The European Union Chamber of Commerce in China will celebrate its 10th anniversary this November. There's much reason for it to celebrate, as after several months of work, the Chamber has finally received clarification of the status of foreign companies in China. As a result, the nation's highest authority has asserted that all legally registered foreign companies will be treated the same as domestic companies.

As the direct communication channel between European companies and governments for the past 10 years, the Chamber made the voice from industries heard by the Chinese government.

Dirk Moens, the Secretary General of the Chamber, admitted that European companies still have the impression that implementation and enforcement of laws and regulations are always done differently for foreign companies and domestic companies. It is an additional challenge for foreign companies operating businesses in China.

"We don't ask for preferable treatment. What we are looking for is equal treatment with the domestic companies at operating level," he told the Global Times.

Since the beginning of the global economic crisis, the Chamber has been attentive to policies from the Chinese government to see if there is any over-protection for domestic companies, as governments in different countries and regions all over the world declared that they would protect domestic industries and it raised the concern of foreign companies in China. "So far, most of our member companies are happy with what they are doing in China during the crisis," Moens said.

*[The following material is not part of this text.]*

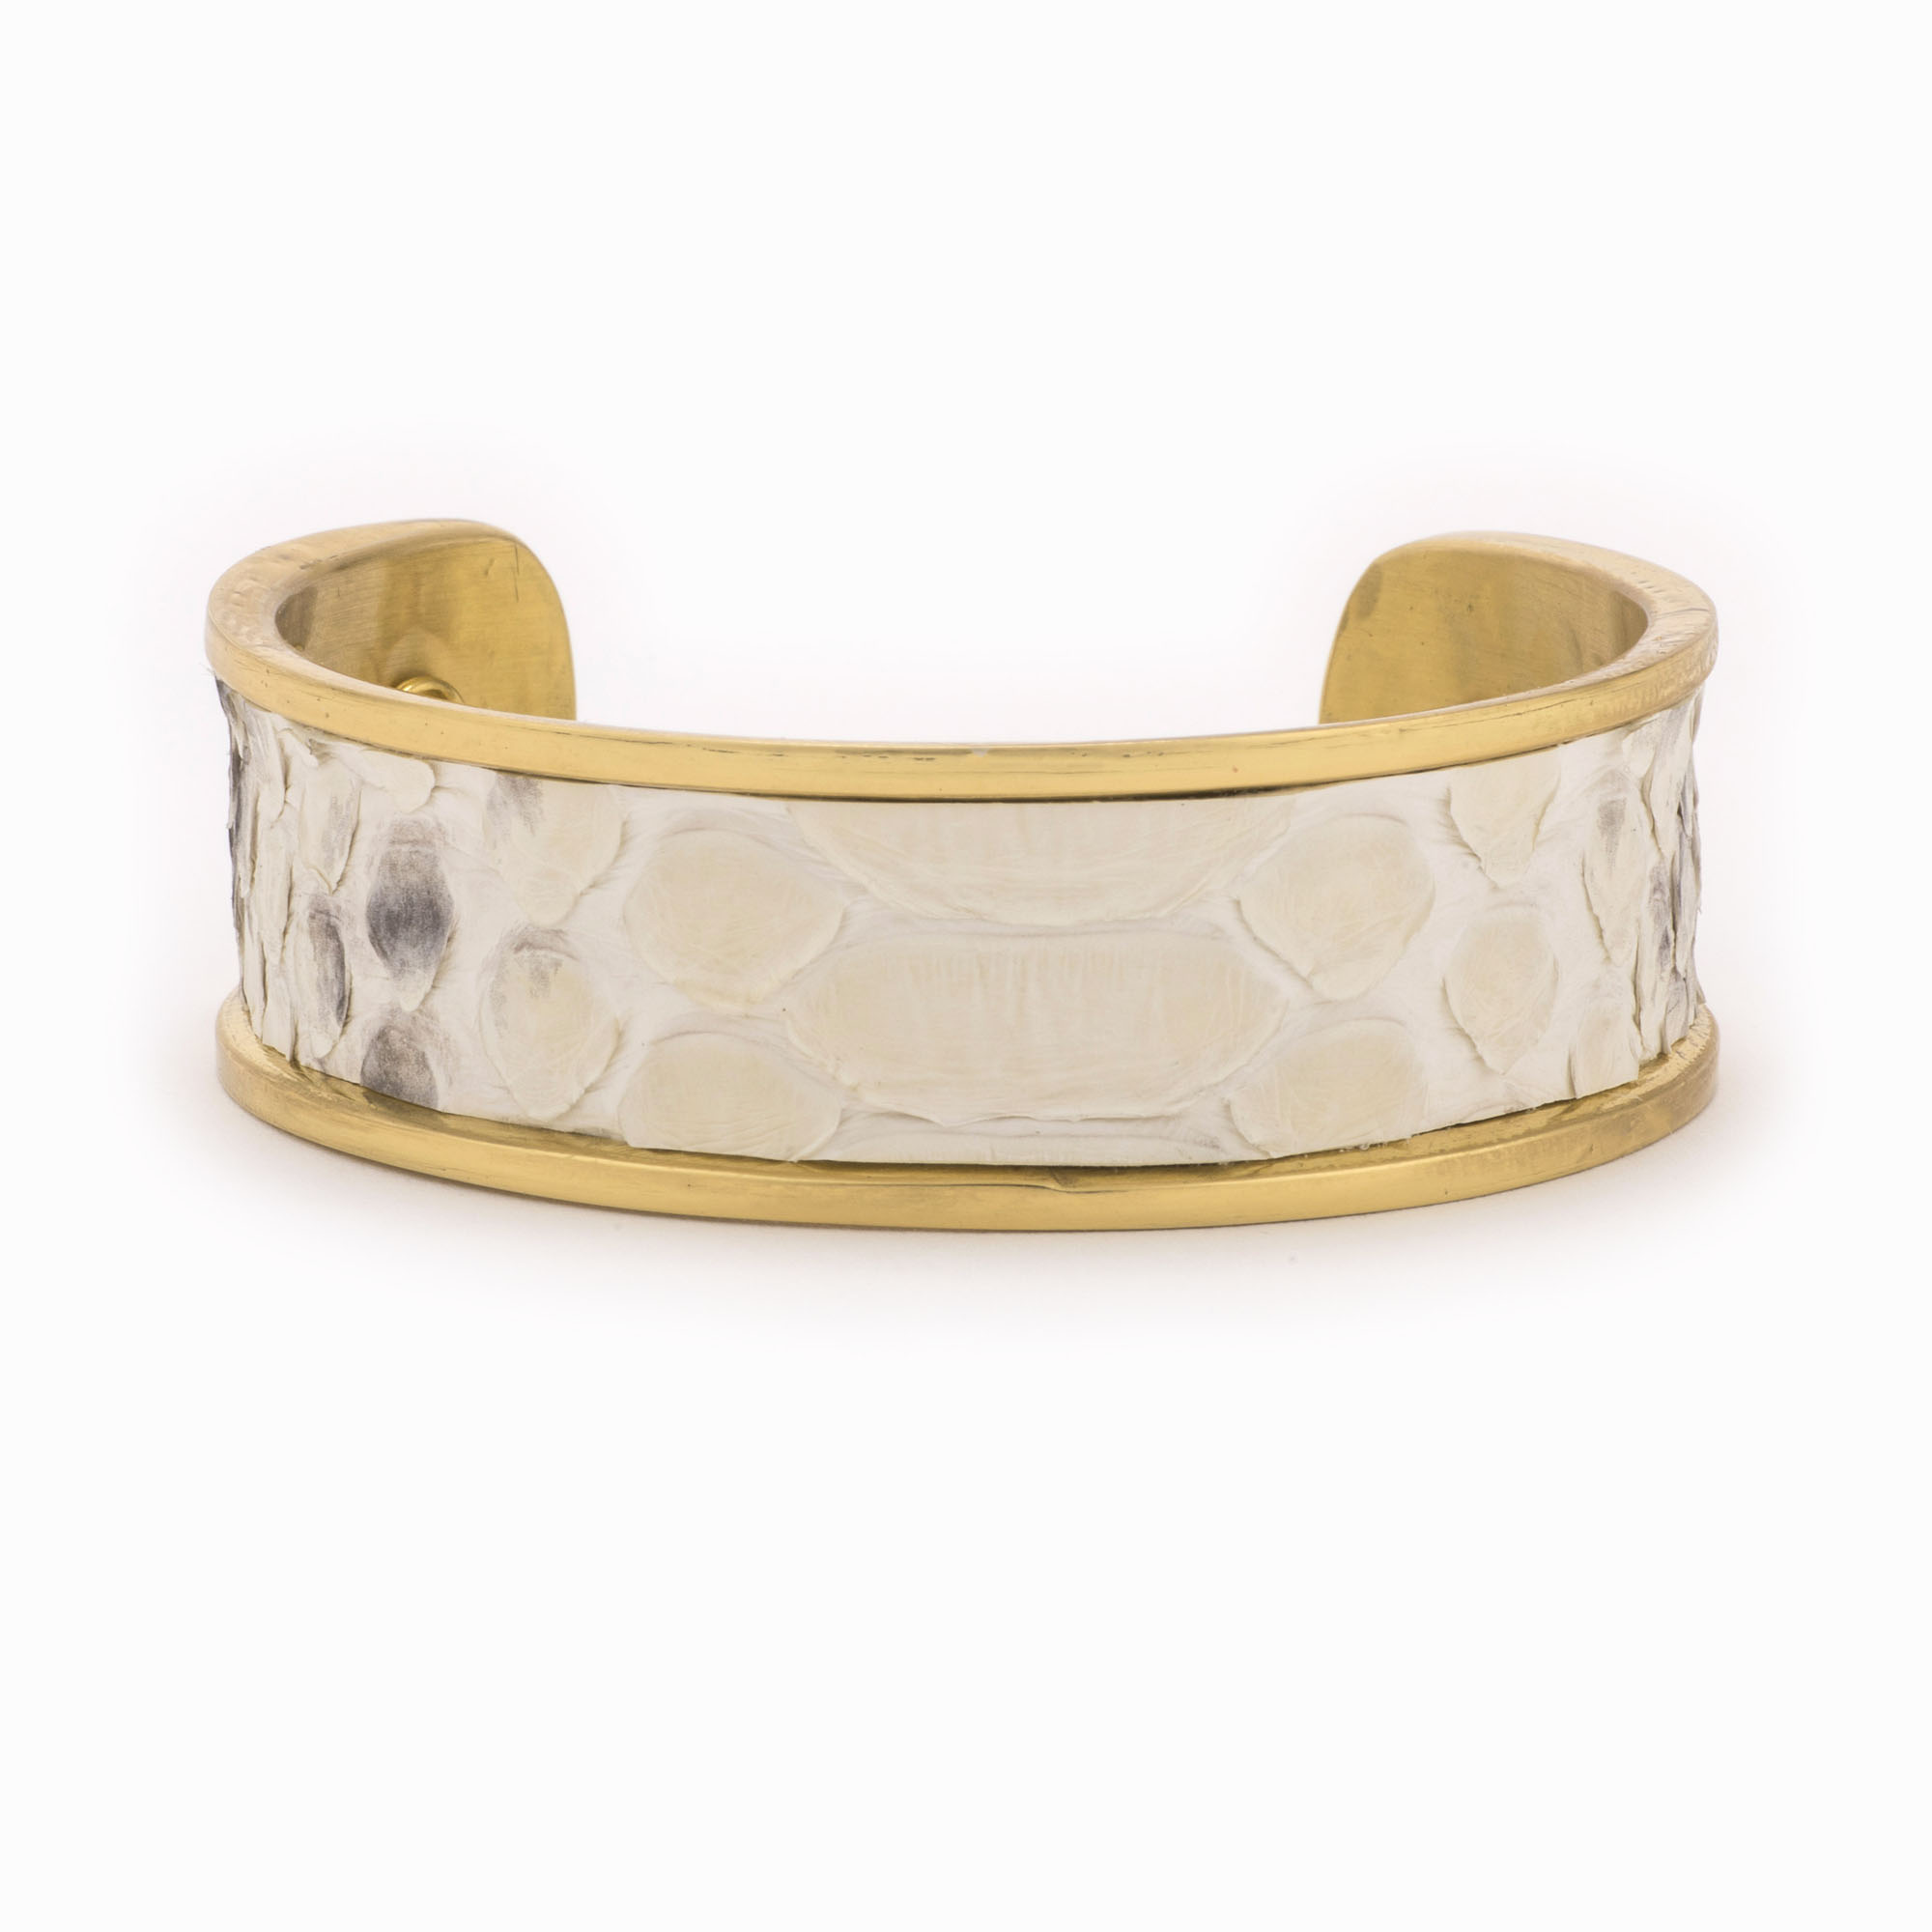 Rear view of a medium gold cuff with black and white colored snakeskin pattern inlaid.

The history of European companies investing in China can be traced back decades, when foreign direct investment (FDI) was commonly welcome. Today the picture is very different. "The Chinese government knows well what they are going to promote. FDI is still welcome but in more selective ways," Moens commented. He suggested European companies planning to invest in China do their homework in order to know clearly where they can fit into the national agenda that is set out by the government. Otherwise it would be very difficult to get started.